Anyone earning over £50,000 per annum and living in a household that receives Child Benefit has to pay additional Income Tax. The Institute for Fiscal Studies has shown that because the £50,000 threshold has never changed, and there are no plans to change it, an increasing number of families are having to pay the additional tax.
Six years ago today, Child Benefit was first withdrawn from families containing someone whose annual income is above £50,000 a year. This threshold has since remained frozen in cash terms and there remain no plans to change it. This means that around 36%, or 370,000, more families will lose some Child Benefit in 2019–20 than in 2013–14. Continuing the freeze would mean that, from April 2021, significant numbers of families who do not contain a higher rate income taxpayer will begin to lose some of their Child Benefit for the first time. Moreover, by 2022 more than one in five families with children are set to lose at least some of their Child Benefit – up from one in eight when the policy was introduced. This is one of a growing list of examples of a part of the tax and benefit system being frozen, which never makes sense as an indefinite – and hence potentially permanent – policy.
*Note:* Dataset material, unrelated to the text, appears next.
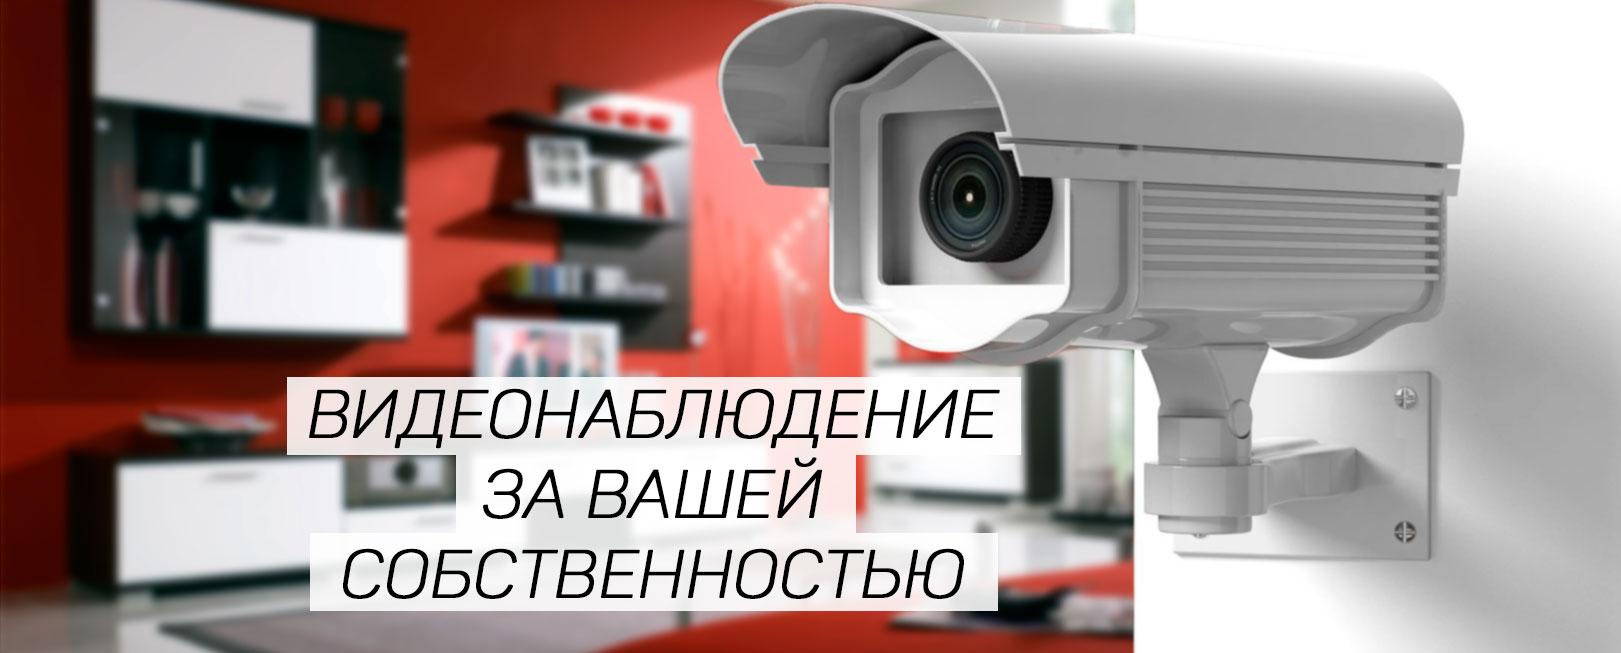 Доступ к web камере по ip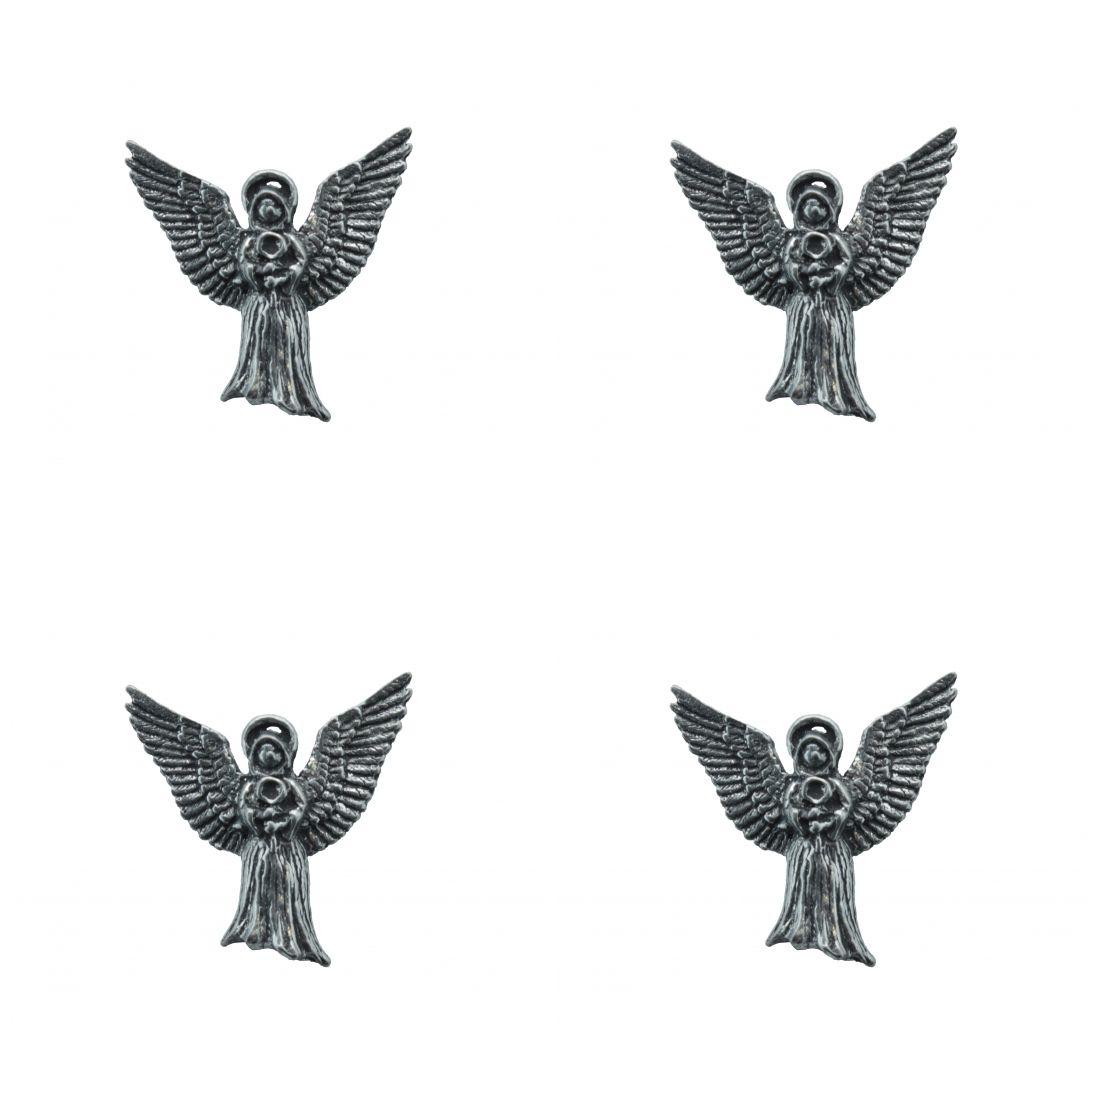 4 x Pin Anstecker Badge Engel Flügel geöffnet 2,6x2,4cm

It is not strictly true that Child Benefit is being withdrawn. Child Benefit remains an unconditional payment for every child – unless of course the Child Benefit recipient, usually the mother of the children, decides to withdraw her claim in order to avoid a high earner in the family having to pay the additional tax. But in terms of a family’s net income, the Institute for Fiscal Studies is of course correct. If the threshold is not raised, then an increasing number of families that receive Child Benefit will find themselves paying additional Income Tax.